Vincent Waller: I think it’s easier to hit Sandy’s kind of “rough and tumble” side, which is harder to express in 2D because everything’s smooth. Without making her look too ragged, in this one, she does look more ragged, and it’s great.
Mark Caballero: I’m torn because I did love working with Sandy on this one, but I also loved working with Pa Cheeks, because at first we were wondering how we were gonna design his shape, but then he just started coming together as a puppet. I was thinking, “Oh my gosh, I can totally see his personality and that big, huge mustache of his.” I also want to throw another special mention to Slappy, because Peter Lorre is one of my favorite actors. And I remember we were talking about Slappy a couple of years ago, and then all of a sudden, we saw Slappy in the animatic.

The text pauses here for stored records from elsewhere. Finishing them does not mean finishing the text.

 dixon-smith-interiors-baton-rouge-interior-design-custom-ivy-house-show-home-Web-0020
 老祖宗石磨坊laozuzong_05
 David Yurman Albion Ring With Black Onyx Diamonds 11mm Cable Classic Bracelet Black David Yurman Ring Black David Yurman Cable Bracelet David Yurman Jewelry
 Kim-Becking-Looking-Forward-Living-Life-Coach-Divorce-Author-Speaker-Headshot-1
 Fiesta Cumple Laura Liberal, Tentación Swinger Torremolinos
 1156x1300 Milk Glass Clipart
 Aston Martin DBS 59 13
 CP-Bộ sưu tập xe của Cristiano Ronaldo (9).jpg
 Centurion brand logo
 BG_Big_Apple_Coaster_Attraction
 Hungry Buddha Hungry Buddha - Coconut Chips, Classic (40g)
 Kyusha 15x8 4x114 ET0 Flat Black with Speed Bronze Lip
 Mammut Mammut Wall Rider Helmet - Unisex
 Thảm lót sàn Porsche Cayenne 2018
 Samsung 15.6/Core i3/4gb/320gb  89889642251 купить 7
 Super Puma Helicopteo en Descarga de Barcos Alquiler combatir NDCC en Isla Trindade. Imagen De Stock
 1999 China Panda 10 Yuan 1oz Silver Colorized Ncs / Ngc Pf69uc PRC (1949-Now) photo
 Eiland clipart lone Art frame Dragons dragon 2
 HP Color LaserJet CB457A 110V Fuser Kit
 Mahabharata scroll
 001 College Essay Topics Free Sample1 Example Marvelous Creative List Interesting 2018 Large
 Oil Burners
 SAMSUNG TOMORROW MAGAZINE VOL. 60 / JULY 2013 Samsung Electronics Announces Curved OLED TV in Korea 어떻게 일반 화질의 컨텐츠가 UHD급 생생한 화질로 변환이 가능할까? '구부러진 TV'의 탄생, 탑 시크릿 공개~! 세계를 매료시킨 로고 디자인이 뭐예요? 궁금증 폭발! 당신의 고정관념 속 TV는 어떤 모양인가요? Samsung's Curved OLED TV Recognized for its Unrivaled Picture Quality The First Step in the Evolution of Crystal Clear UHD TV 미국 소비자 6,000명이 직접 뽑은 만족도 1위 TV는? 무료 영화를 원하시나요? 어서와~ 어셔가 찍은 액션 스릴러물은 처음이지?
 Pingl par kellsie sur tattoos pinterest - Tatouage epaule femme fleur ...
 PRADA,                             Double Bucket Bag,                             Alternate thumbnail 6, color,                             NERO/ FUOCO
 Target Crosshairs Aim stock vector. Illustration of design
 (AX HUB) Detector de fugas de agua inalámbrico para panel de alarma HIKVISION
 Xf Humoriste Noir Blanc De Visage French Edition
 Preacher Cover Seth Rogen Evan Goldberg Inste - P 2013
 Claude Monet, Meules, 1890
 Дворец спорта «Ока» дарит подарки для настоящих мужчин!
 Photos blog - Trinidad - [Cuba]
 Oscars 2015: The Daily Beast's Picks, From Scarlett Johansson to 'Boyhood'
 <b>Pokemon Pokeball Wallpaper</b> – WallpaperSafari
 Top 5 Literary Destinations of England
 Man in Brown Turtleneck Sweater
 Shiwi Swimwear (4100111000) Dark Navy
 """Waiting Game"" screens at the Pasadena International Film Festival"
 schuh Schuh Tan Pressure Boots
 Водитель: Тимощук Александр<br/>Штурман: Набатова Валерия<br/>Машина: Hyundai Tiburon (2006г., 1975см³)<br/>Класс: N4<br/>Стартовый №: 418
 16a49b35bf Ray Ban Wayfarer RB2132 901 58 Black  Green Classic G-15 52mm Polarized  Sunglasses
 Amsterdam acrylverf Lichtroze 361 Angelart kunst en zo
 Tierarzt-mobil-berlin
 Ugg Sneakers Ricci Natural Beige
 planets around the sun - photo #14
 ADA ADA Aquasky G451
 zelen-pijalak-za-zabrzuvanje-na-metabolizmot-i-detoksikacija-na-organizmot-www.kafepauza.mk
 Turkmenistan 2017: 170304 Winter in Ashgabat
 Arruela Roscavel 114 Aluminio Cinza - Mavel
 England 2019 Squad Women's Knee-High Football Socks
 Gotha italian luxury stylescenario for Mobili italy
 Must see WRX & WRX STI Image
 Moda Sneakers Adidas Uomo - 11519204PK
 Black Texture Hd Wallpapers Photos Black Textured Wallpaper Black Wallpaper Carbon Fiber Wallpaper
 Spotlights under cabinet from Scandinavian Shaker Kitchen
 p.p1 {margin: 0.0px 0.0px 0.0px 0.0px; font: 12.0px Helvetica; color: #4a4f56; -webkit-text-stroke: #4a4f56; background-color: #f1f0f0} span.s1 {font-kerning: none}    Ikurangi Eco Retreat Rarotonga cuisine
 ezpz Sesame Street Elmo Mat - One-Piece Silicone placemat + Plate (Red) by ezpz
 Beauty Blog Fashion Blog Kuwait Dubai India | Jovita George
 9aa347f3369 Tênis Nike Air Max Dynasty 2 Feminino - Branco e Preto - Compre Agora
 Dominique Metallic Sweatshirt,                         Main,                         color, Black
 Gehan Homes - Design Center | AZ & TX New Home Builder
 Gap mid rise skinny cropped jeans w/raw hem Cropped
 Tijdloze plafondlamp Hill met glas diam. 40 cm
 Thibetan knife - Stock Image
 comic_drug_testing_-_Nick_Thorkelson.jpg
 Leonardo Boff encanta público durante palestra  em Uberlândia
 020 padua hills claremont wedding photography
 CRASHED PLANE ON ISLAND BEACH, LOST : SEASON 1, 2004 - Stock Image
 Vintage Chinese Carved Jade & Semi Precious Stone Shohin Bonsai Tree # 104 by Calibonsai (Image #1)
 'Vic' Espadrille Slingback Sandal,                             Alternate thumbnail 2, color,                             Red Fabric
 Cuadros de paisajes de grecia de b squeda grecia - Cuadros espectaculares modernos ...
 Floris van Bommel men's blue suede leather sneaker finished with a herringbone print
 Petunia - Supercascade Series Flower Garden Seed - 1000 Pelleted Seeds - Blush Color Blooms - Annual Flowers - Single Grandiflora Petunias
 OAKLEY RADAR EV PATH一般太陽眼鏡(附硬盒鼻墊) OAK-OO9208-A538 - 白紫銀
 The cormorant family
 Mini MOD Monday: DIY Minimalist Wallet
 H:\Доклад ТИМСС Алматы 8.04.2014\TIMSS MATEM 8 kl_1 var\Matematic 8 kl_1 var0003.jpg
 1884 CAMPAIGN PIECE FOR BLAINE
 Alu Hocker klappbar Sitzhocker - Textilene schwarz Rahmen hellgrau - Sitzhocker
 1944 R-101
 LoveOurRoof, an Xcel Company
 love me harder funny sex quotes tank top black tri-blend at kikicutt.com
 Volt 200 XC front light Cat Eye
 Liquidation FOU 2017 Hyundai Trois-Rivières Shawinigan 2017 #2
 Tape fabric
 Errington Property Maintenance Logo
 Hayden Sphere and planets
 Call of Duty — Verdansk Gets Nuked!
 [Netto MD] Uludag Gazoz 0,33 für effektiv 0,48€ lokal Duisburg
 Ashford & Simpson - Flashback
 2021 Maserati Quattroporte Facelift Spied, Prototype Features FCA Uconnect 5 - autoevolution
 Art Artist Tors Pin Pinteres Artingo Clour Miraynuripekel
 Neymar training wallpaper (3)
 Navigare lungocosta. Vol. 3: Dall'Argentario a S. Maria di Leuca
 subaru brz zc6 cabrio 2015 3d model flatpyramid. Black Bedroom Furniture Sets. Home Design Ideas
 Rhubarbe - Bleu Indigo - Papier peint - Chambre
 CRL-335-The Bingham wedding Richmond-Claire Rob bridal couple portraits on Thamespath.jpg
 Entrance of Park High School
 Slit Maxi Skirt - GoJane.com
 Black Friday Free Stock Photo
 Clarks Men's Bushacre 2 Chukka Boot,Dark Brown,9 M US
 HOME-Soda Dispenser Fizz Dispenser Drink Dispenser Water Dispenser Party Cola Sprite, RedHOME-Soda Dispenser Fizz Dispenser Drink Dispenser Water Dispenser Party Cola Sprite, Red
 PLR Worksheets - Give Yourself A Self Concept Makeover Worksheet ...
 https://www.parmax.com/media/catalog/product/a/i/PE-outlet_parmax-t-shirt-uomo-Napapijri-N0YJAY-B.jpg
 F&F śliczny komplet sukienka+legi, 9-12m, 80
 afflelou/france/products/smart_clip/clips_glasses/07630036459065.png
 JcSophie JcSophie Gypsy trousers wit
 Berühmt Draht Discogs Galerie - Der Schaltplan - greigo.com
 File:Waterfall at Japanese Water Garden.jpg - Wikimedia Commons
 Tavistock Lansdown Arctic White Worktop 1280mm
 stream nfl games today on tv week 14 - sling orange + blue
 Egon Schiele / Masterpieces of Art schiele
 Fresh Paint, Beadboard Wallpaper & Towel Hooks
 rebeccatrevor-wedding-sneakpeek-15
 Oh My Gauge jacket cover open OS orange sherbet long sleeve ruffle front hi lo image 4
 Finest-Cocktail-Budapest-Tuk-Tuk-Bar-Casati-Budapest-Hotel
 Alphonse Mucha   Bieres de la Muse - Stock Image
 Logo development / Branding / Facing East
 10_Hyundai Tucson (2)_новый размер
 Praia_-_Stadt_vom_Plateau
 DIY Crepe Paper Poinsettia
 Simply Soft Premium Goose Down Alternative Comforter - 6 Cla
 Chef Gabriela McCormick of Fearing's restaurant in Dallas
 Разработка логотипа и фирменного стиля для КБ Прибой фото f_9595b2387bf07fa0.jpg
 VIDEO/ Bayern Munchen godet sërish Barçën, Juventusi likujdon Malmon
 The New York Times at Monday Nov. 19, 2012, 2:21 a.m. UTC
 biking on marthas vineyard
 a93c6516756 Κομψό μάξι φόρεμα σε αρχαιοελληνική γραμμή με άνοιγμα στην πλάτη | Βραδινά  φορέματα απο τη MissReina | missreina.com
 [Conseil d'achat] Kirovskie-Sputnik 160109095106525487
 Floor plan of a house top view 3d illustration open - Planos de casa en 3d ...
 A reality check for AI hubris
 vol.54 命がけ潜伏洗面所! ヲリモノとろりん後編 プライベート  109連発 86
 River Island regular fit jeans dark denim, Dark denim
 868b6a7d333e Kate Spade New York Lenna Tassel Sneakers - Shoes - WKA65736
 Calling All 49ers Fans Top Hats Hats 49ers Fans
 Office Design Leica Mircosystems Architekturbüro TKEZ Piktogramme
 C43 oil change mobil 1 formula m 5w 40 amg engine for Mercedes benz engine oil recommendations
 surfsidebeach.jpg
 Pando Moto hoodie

Seamus Walsh: Randy was a really fun puppet too, because his proportions are so great. His legs are so long—he has these long, spindly legs with those boots at the end. He was super fun.
Vincent Waller: And you got his wily, sort of cocky personality all with his movements. It’s beautiful.
Chris Finnegan: Also, Rowdy and Rosie, those two little kid squirrels. They’re so small, but they’re always jumping around and flipping stuff.
Vincent Waller: And personally, I still love Santa. He’s just beautiful.
Sandy’s Country Christmas is now available to stream on Paramount +. You won’t want to miss this hilarious holiday special that offers amazing artistry, nostalgia, and a deeper, memorable story that still brings audiences that undeniable deep-sea humor.